Finding the equation of the normal line I have a question to find the equations of the tangent line and the normal line to the curve at the given point. I can find the equation for the tangent line easily but I am not sure what a normal line is and there is no example that I can find.
$y=x^4 + 2e^x$ at (0,2)
From that I do see that if I plug in 0 I get 2 as a result so my guess was that if I plug in another number I can use that to get the slope but it gave an incorrect answer. 
 A: You know that the tangent at the curve is given by
$$y_t = f(a)+f'(a)(x-a)$$
The normal would be a line such that

*

*It also passes through $(a,f(a))$

*It is perpendicular to $y_t$.

Given that a line that passes through $(X,Y)$ and has slope $m$ is given by
$$y-Y = m(x-X)$$
...and that two lines of slopes $n$ and $p$ are perpendicular if and only if $m\cdot n=-1$
Can you find $y_n$?


Given that a line that passes through $(X,Y)$ and has slope $m$ is given by
$$y-Y = m(x-X)$$

Give the equations to

*

*A line with slope $10$ that passes through $(0,1)$

*A line with slope $-5$ that passes through $(-3,3)$

*Given a line with slope $2$ that passes through the origin, find the equation to a line perpendicular to it that passes through $(5,2)$.
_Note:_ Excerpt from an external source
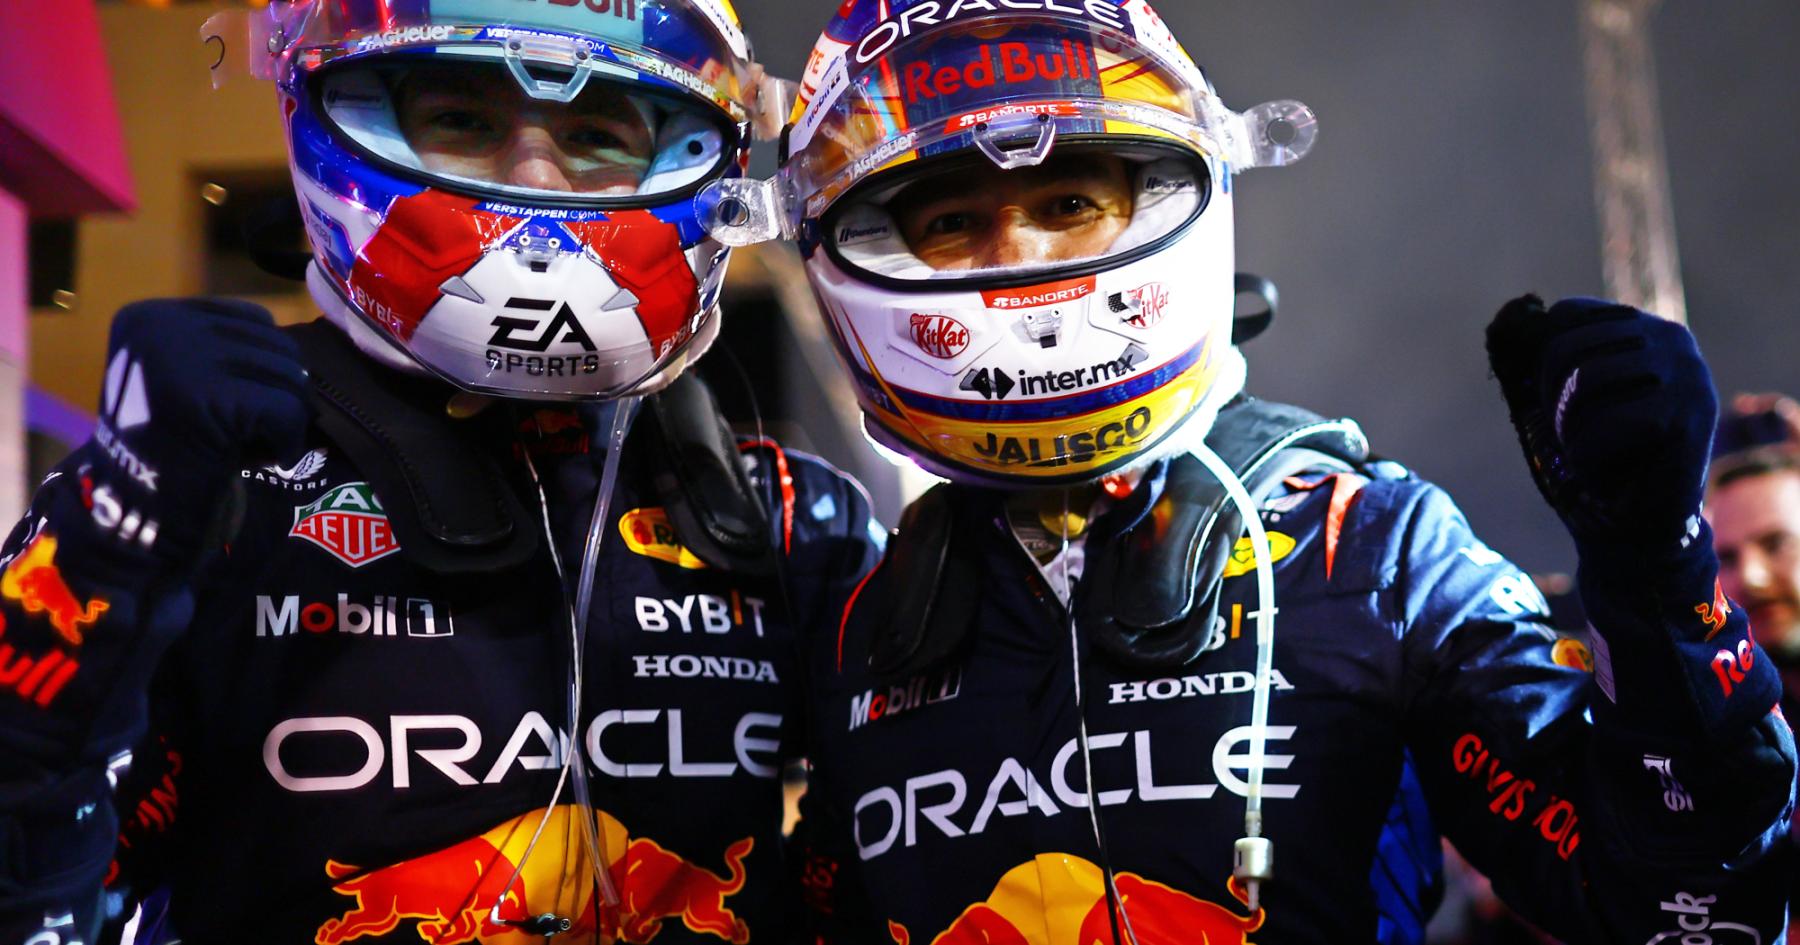 The Untapped Potential: Seeking Max Verstappen's Strategic Partner for the Future
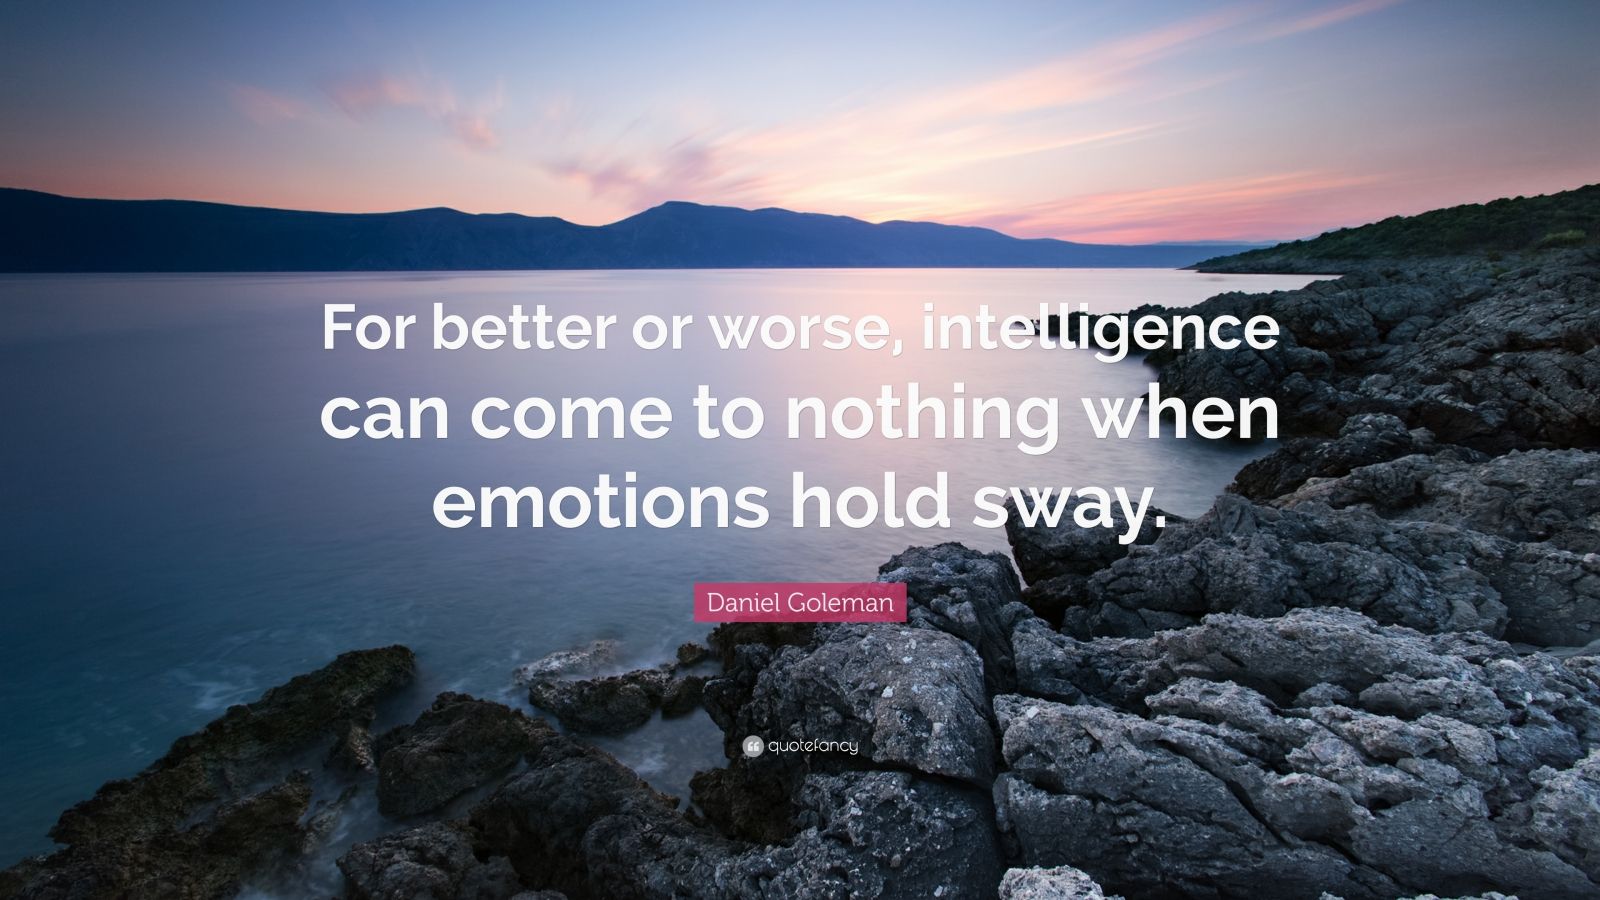 Daniel Goleman Quote “For better or worse, intelligence

*Let $f(x) = x^4+2e^x$. Given the equation of the tangent to $f(x)$ at $(a,f(a))$. Find the normal to $f$ at the same point.

A: Finding the derivative will give you the slope of the tangent line like what Peter T. has shown above.  All you need to do is be able to find what (a, f(a)) and then you will be on your way.
A: Equation of normal is given by,
$$\frac{y-y_1}{x-x_1}=\frac{-dx}{dy}$$
Now $y=x^4 + 2e^x$ 
$\frac{dy}{dx}=4x^3+2e^x =2$ .....at $x=0$
$\frac{-dx}{dy}=\frac{-1}{2}$
and $x_1=0$ and $y_1=2$ , plugging these values in the equation for normal, we get
$$\frac{y-2}{x-0}=\frac{-1}{2}$$
$$x+2y=4$$
were you getting the same answer? or something else..
A: 
Just follow the following steps:


*

*Take the deriviative

*Find the slope of the tangent, and then the slope of the normal by doing a negative reciprcoal.

*Use y=mx+b and sub in values and find equations

*Write a final statement stating the equations.


If you follow the following steps you will never get confused and will understand how to solve the problem in a simple way.